Local Economic Impact: Community-Level Effects

For a city with an estimated population of 10,000-12,000, the loss of 299 workers over nine years represents material economic stress. If these workers earned average wages of $45,000-$55,000 annually—typical for skilled trades and education positions in Mississippi—their displacement eliminated $13.5 million to $16.5 million in annual household income from the local economy. This income loss propagates through retail, service, and real estate sectors, affecting tax revenues and municipal service provision.

Zachry Industrial's layoffs create particular vulnerability because industrial workers earning prevailing wages supported higher-consumption patterns than the regional average. Loss of these households diminishes local spending power and reduces sales tax collections critical for municipal budgets. Moss Point High School's 102-worker reduction similarly affects community economic velocity, though public sector job losses may receive partial mitigation through state unemployment insurance and pension income.

The psychological and social impacts merit consideration alongside pure economic measurement. Three WARN notices over nine years creates persistent uncertainty in local labor markets, potentially encouraging younger workers to migrate to more economically stable regions and discouraging business investment in Moss Point. Outmigration of working-age population further pressures school enrollment and property values, creating feedback loops that amplify initial employment shocks.
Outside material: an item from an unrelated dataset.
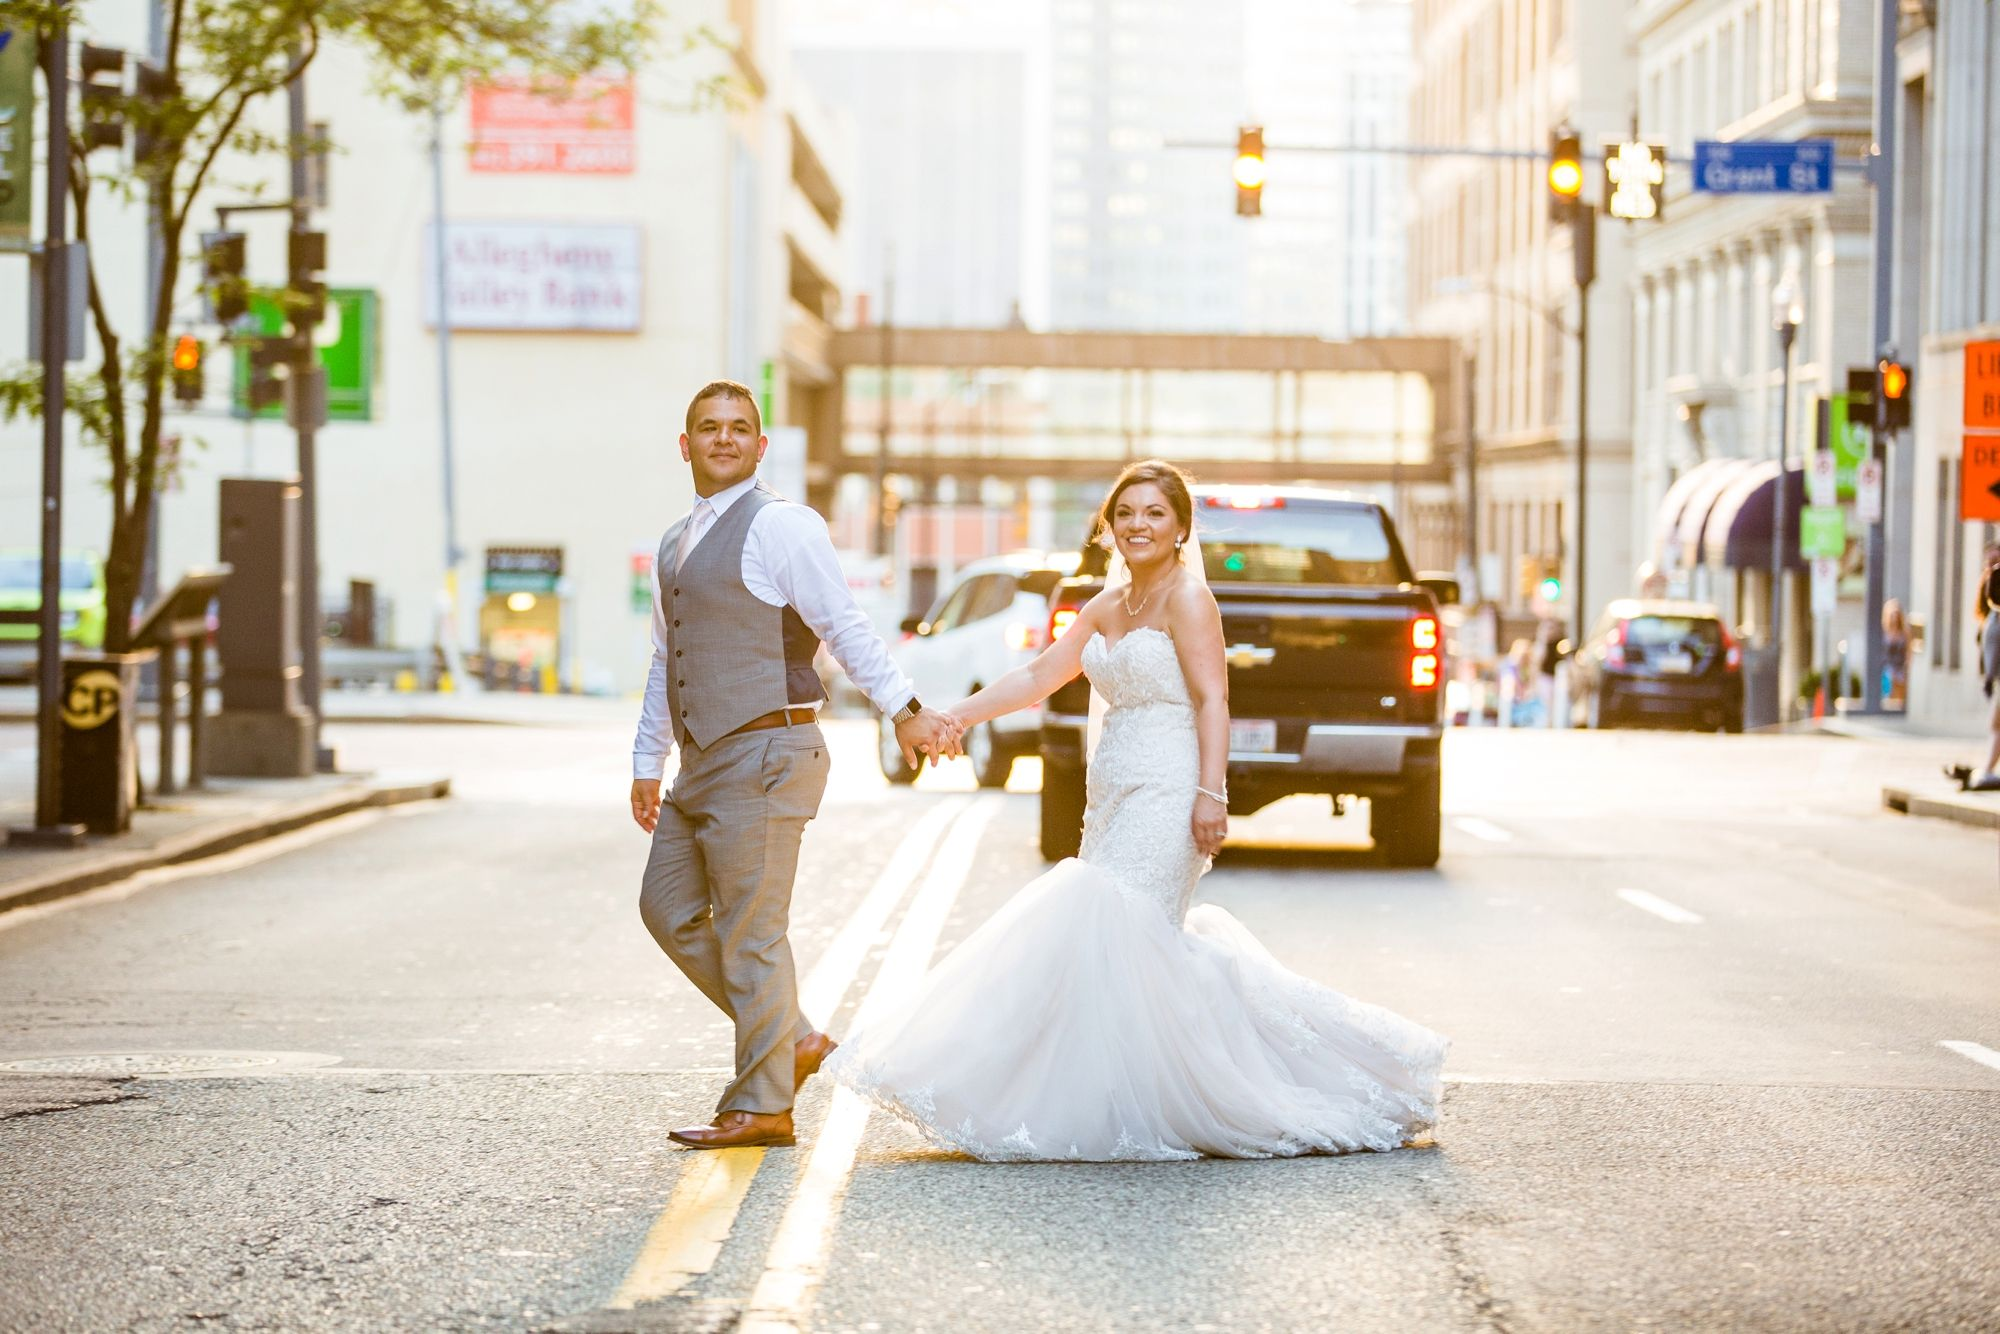 Wedding dresses pittsburgh  Should I Send My Photographer My Wedding Pinterest Board  Jenna

Regional Context: Comparison to Mississippi Trends

Mississippi's current labor market shows relative strength compared to national benchmarks. The state's unemployment rate of 3.6% as of January 2026 remains below the national rate of 4.3%, and Mississippi's year-over-year initial jobless claims declined 31.0%—matching the national 31.6% improvement. Initial claims in Mississippi currently stand at 1,058 weekly, down from 1,533 one year prior, indicating tightening labor markets.

However, Mississippi's 4-week jobless claims trend shows recent deterioration, rising 19.4% from the prior week's 754 claims to 886. This uptick warrants monitoring as a potential signal of emerging labor market softness. Moss Point's WARN notice history, concentrated in 2011, 2018, and 2020, aligns with national recession indicators but suggests the city's economic base lacks the diversification characterizing larger Mississippi metros like Jackson or the coastal region around Gulfport.

Mississippi's H-1B visa certification data reveals that state employers certified 4,923 H-1B positions across 1,120 unique employers, with average salaries of $89,746. This immigration-dependent hiring concentrates in higher education (Mississippi State University with 397 petitions, University of Mississippi Medical Center with 376 petitions) and specialized technology roles. Notably, Moss Point employers do not appear prominently in H-1B petition data, suggesting the city's economic structure lacks the knowledge-economy positions that drive visa-dependent hiring. This absence underscores Moss Point's reliance on cyclical industrial employment rather than stable, high-skill occupations.

Zachry Industrial's H-1B participation status remains unclear from available data, but the company's absence from top visa-petitioning employers suggests workforce composition tilted toward domestic skilled trades rather than visa-dependent specialization. This characteristic distinguishes Moss Point from rapidly growing technology and healthcare hubs where H-1B hiring creates parallel track employment systems. The city's economic vulnerability therefore does not stem from foreign worker competition but from structural dependence on single-sector cyclical employment.